Seurat has had inconsistency in input names from version to version. dittoSeq drew some of its parameter names from previous Seurat-equivalents to ease cross-conversion, but continuing to blindly copy their parameter standards will break people's already existing code.
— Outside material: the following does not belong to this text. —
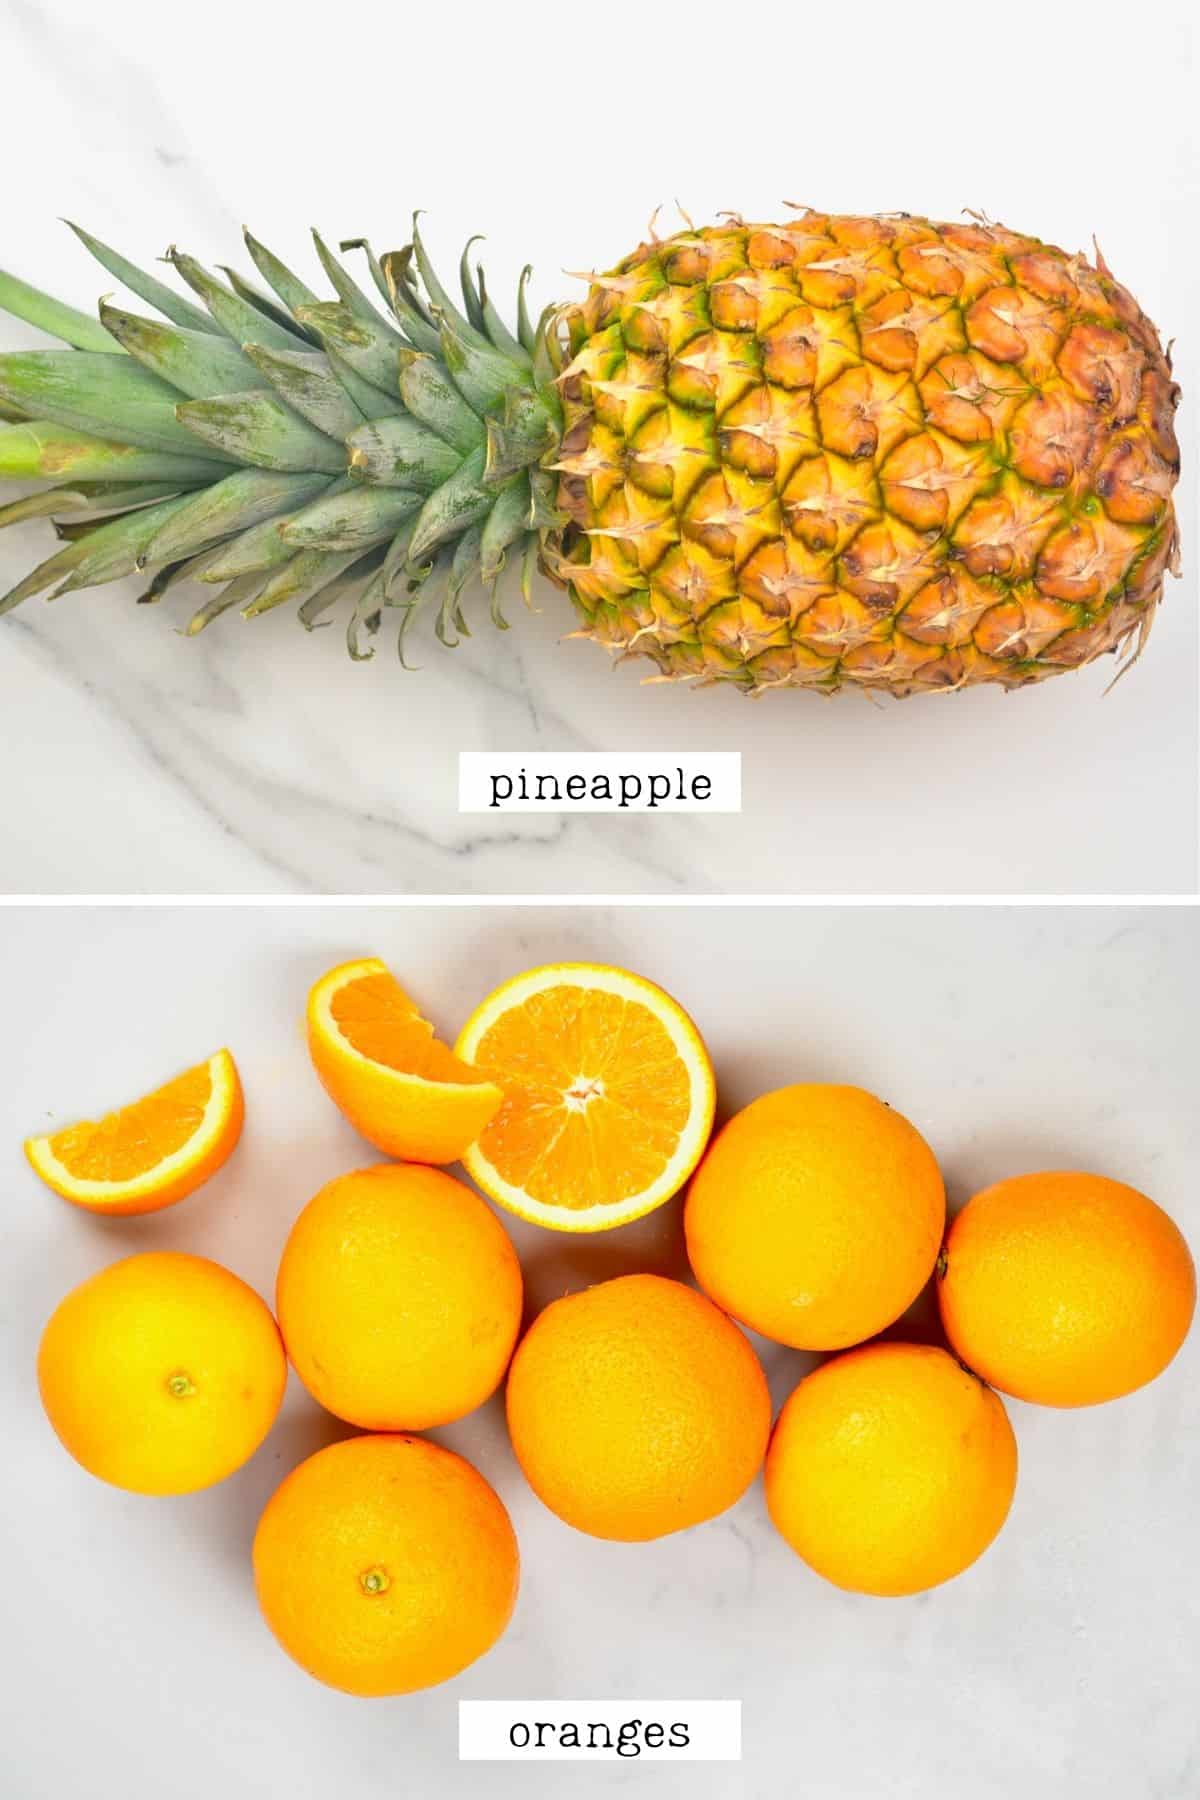 High Quality Comparing Pineapples and Oranges Blank Meme Template

Instead, dittoSeq input names are guaranteed to remain consistent across versions, unless a change is required for useful feature additions.
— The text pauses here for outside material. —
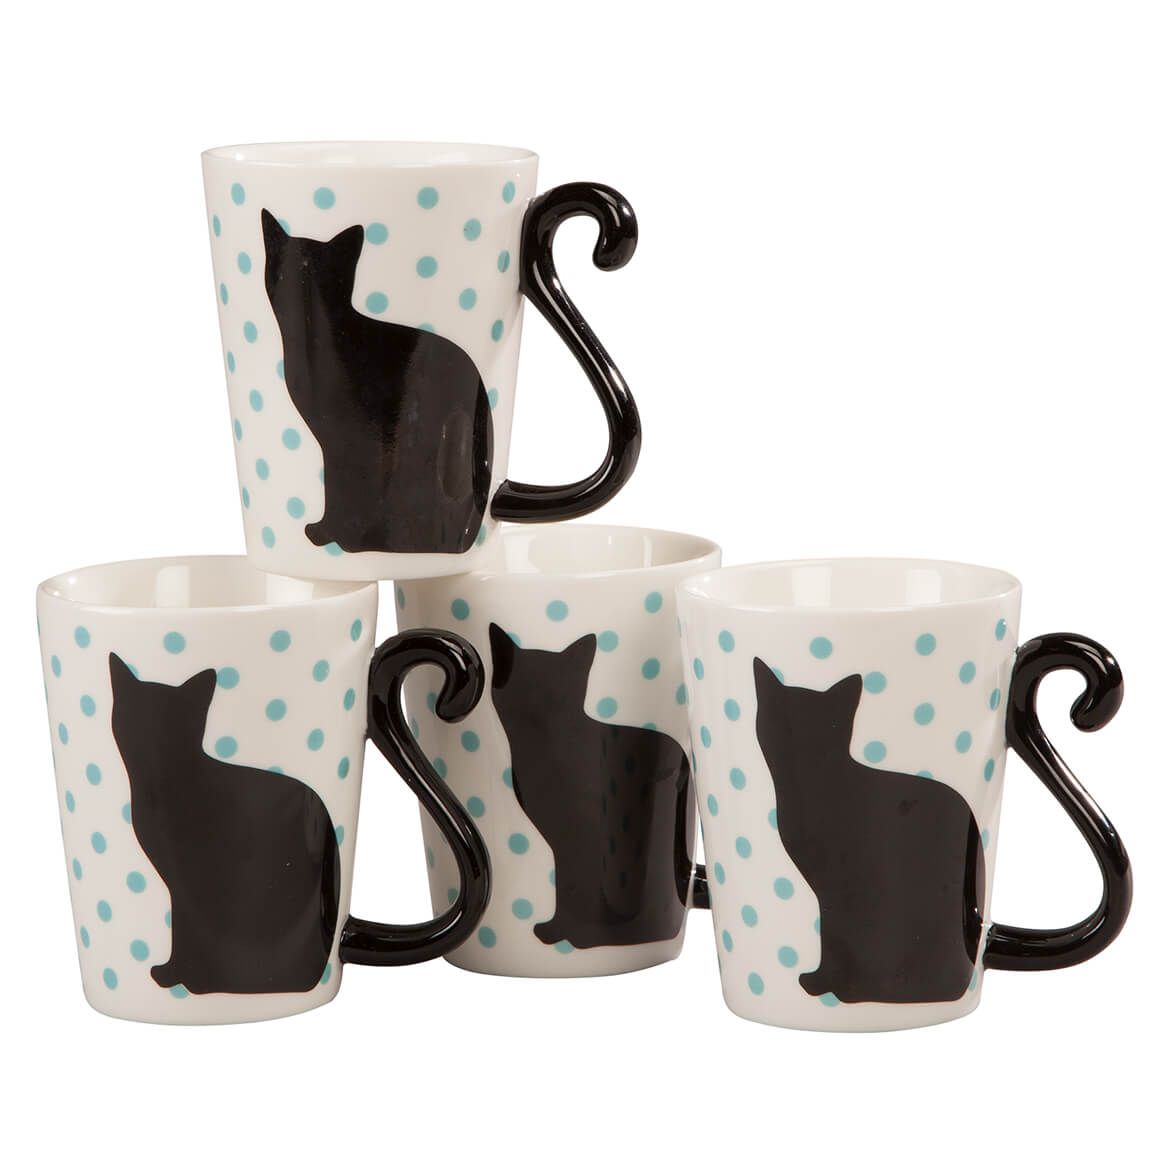 Cat Tail Mugs by Home Style Kitchen, Set of 4 + '-' + 363393

Seurat Viz Input(s) dittoSeq Equivalents
object SAME
features var / vars (generally the 2nd input, so name not needed!) OR genes & metas for dittoHeatmap()
cells (cell subsetting is not always available) cells.use (consistently available)
reduction & dims reduction.use & dim.1, dim.2
pt.size size (or jitter.size)
group.by SAME
split.by SAME
shape.by SAME and also available in dittoPlot()
fill.by color.by (can be used to subset group.by further!)
assay / slot SAME
order = logical order but = "unordered" (default), "increasing", or "decreasing"
cols color.panel for discrete OR min.color, max.color for continuous
label & label.size & repel do.label & labels.size & labels.repel
interactive do.hover = via plotly conversion
[Not in Seurat] data.out, do.raster, do.letter, do.ellipse, add.trajectory.lineages and others!

Quick Start Guide:

Load in your data, then go!:

library(dittoSeq)

# dittoSeq works natively with Seurat, SingleCellExperiment (SCE),
#   & SummarizedExperiment (SE) objects

# Seurat
seurat <- Seurat::pbmc_small
dittoPlot(seurat, "CD14", group.by = "ident")

# SingleCellEXperiment
sce <- Seurat::as.SingleCellExperiment(seurat)
dittoDimPlot(sce, "CD14")

# SummarizedExperiment
# (Please excuse the janky setup code for this quick example.)
library(SummarizedExperiment)
se <- as(as.SingleCellExperiment(Seurat::pbmc_small), "SummarizedExperiment")
rownames(se) <- rownames(sce)
dittoBarPlot(sce, "ident", group.by = "RNA_snn_res.0.8")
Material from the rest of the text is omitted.